A ocupação teve início no dia 29 de novembro de 2013, às 23h; como recorda o seu Sidney, um dos primeiros moradores e líder de um dos 28 grupos que cuidam da organização da ocupação que leva a bandeira do MTST (Movimento dos Trabalhadores Sem Teto).
Além de lutar por moradia digna, os membros do MTST também lutam por melhoria na educação, transporte e saúde, além de outros direitos fundamentais. Tanto é que há dois moradores da ocupação q fazem parte do conselho do hospital de M’ Boi Mirim, próximo a ocupação.
– Você é o idealizador do projeto editorial da publicação sobre a ocupação? Me conte um pouco sobre como surgiu a ideia – necessidade de registro histórico da ocupação?

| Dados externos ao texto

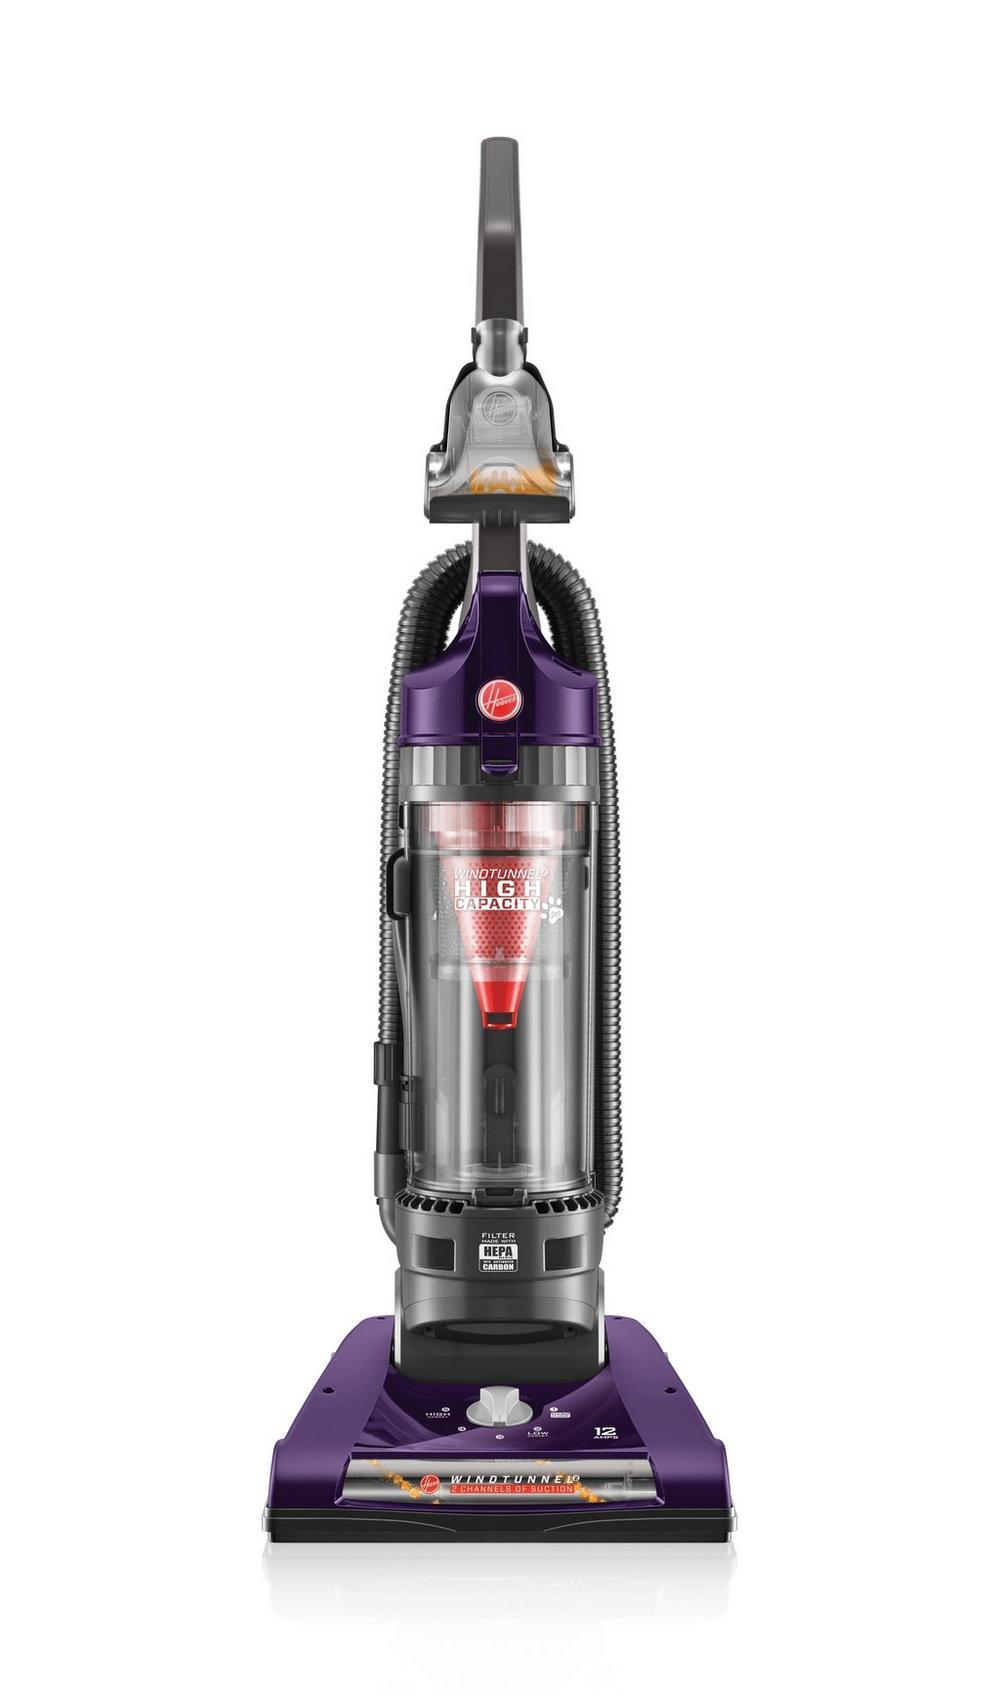 WindTunnel 2 High Capacity Pet Upright Vacuum

Sim, sou eu. Essa publicação surgiu da conexão ou encontro de algumas histórias. A primeira diz respeito ao meu trabalho como fotógrafo e artista visual; adoro combinar imagem e texto. Desde de 2005 venho pesquisando essas interações. O poeta Augusto de Campos é referência!
A segunda, foi ter conhecido pessoas que foram muito generosas comigo, ajudando ou trabalhando nessa reportagem; como, por exemplo, a jornalista Bianca Araujo que fez as entrevistas e escreveu o texto junto comigo.
A terceira, e a principal, é a história de encontros dentro das manifestações pela democracia. Ao longo dos últimos 5 meses venho fotografando as principais manifestações contra o golpe em São Paulo. Durante os atos, além de estar aberto para que as imagens apareçam, procuro conversar com as pessoas, saber de onde vêm, a história de vida delas, por que estão se manifestado etc. Cheguei à Nova Palestina depois de fotografar um rapaz jovem segurando uma haste de alumínio com uma das mãos e com a outra um escudo simbólico – uma bandeira – com o seguinte nome: Palestina 25. Sua sombra projetada no chão era a de uma figura atemporal. Poderia ser de um guerreiro de qualquer época; parecia com uma daquelas famosas ilustrações de Dom Quixote.
Mais ao fundo, estavam duas moradoras da Nova Palestina. Uma delas eu viria a conhecer na ocupação uns dois meses depois de ter feito essa fotografia; momentos antes da tropa de choque da PM expulsá-los, com uso de jatos d’água, bombas de efeito moral e gás de pimenta, da frente da casa de Michel Temer no bairro de Pinheiros.
Algumas semanas depois disso, no dia 10 de junho, numa das inúmeras manifestações na Av. Paulista, vi de longe aquela mesma bandeira: Palestina 25! Cheguei próximo daquelas pessoas e perguntei: eram vocês que estavam na frente da casa do Temer um tempo atrás? A resposta foi positiva. A sensação foi muito empolgante, tamanha a admiração e respeito q tenho pela coragem daquelas pessoas. Não levou 5 minutos pra uma senhora me convidar a participar da festa junina da ocupação. Convite aceito.
Quinze dias se passaram entre aquele encontro e minha ida à ocupação. Nesse meio tempo fiquei pensando sobre aquela gente, sobre a situação política e social do país e, principalmente, sobre a invisibilidade daquelas pessoas nos meios de comunicação. Senti que de alguma forma eu poderia contribuir para mostrar que na periferia vive gente tão gente como qualquer outra gente; e ajudar a diminuir as enormes distâncias entre nós brasileiros, entre o centro e a periferia, entre ricos e pobres.
Precisamos urgentemente nos aproximar para nos reconhecermos enquanto seres humanos, romper preconceitos e, principalmente, substituir o medo do outro – do diferente – pela curiosidade e generosidade.
– Como fotógrafo, qual a cena que mais te impactou na ocupação?
Como fotógrafo, foi perceber a imensidão dos Mares de Morros da periferia de São Paulo que foram transformados em lar por milhões de pessoas. Antes do fotógrafo, porém, enquanto ser humano, a cena que mais me impactou foi a da Dona Rosa. Uma senhora vinha andando em minha direção pela rua principal da ocupação. Quando me reconheceu, deu um abraço tão apertado e afetuoso quanto inesquecível.